Присвоение православного дискурса респондентами на этапе интенсификации религиозной деятельности нашло своё отражение в пересмотре ими собственных жизненных принципов, приоритетов, в изменении их ценностно-нравственного отношения и поведения. Как замечает П. Бергер, опыт сверхъестественного преображает восприятие конвертита как в отношении себя самого, других людей, так и мира в целом [16, с. 128]. Так, респонденты отметили, что в процессе интенсификации религиозной деятельности они стала терпимее относиться к событиям и поведению людей, которые им раньше досаждали, раздражали их. Со слов участников опроса, усвоенные ими православные ценно-нравственные установки, помогают совладать со своими негативными эмоциональными переживаниями и трансформировать своё негативное отношение к чему-либо или кому-либо: Вот знаете, Екатерина, как постепенно во мне росло изменение к происходящим событиям. То - «Ой! У-у-у» (респондентка мимикой показывает недовольство и расстройство одновременно. - Е. У). Теперь - «На всё воля Божья! Слава Тебе, Господи, слава Тебе!». Да, на кухне курят у меня, я задыхаюсь. А Вы знаете, преподаватель, работаешь на голосе, связки -
слабое место. Сначала делала замечания, а теперь: «Благодарю тебя, Господи!». И гнева нет, и Вы знаете, легче жить. Если раньше постоянно. . Это не говорит, что отчаянье тебя не охватывает, что гнев не охватывает. Бывает, всё бывает, конечно. И осуждение, и гнев, но это всё тебе... облегчение большое: «На все воля Божия, на все воля Божия». Вот расстроилась, произошло не так, как я хотела: «Нет, значит, так Богу угодно!» (женщина 1941 г.р.). Из высказывания респондентки очевидно следует, что освоенный ею православный дискурс и православная схема атрибуции различных фактов действительности обрели функциональное значение в повседневной жизни. Они стали использоваться женщиной как реальный психотерапевтический инструментарий совладания и трансформации собственного аддиктивного (разрушительного) психического состояния и отношения к действительности.

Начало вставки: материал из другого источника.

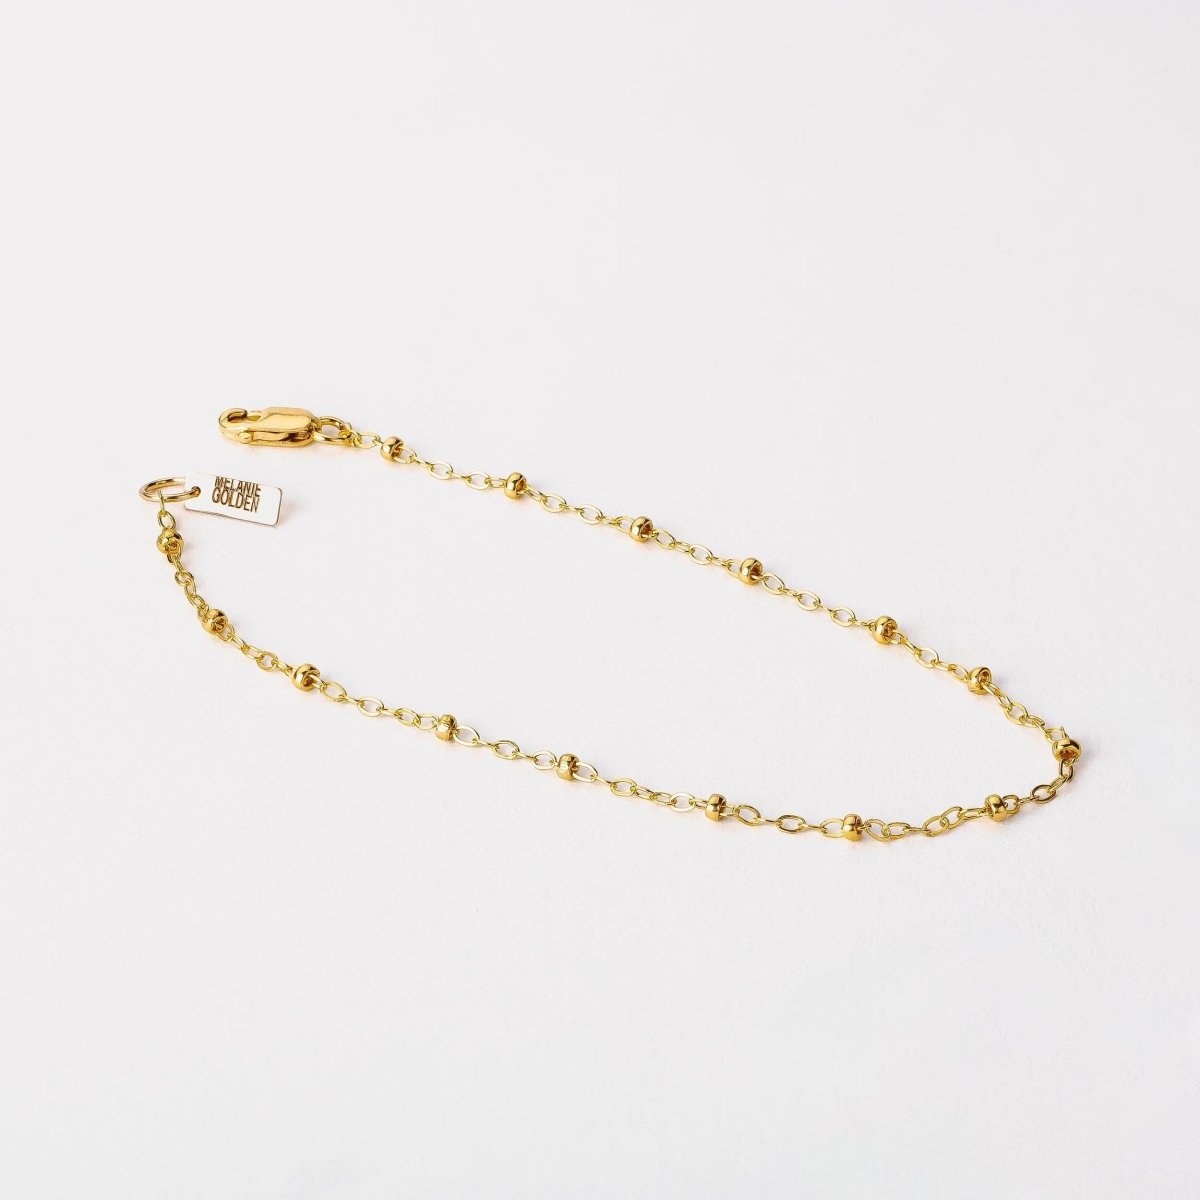 Satellite Chain Anklet - Melanie Golden Jewelry - _badge_new, anklets, celestial, chain anklets, everyday essentials, new

Атрибутный и поведенческий компоненты православной идентичности респондентов также получили своё развитие на этапе интенсификации их религиозной деятельности. Во-первых, все респонденты к тем иконам, которые они получили в наследство от своих матерей (родителей), самостоятельно приобрели другие: иконы Пресвятой Богородицы, а также православных святых - блаженной Матроны Московской, святителя Луки Войно-Ясенецкого, великомученика Пантелеймона. Во-вторых, практика домашней молитвы респондентов стала интенсивнее и разнообразнее. Они купили молитвословы, узнали и выучили многие молитвы наизусть, сделали свою молитвенную практику ежедневной: Псалтирь я тоже читаю каждый день. Кроме того, я читаю Псалтирь за своих родственников. И за умерших, и за здравие всех. У меня правило такое выработалось, вот. И читаю утреннюю и вечернюю молитву всегда (женщина 1948 г.р.).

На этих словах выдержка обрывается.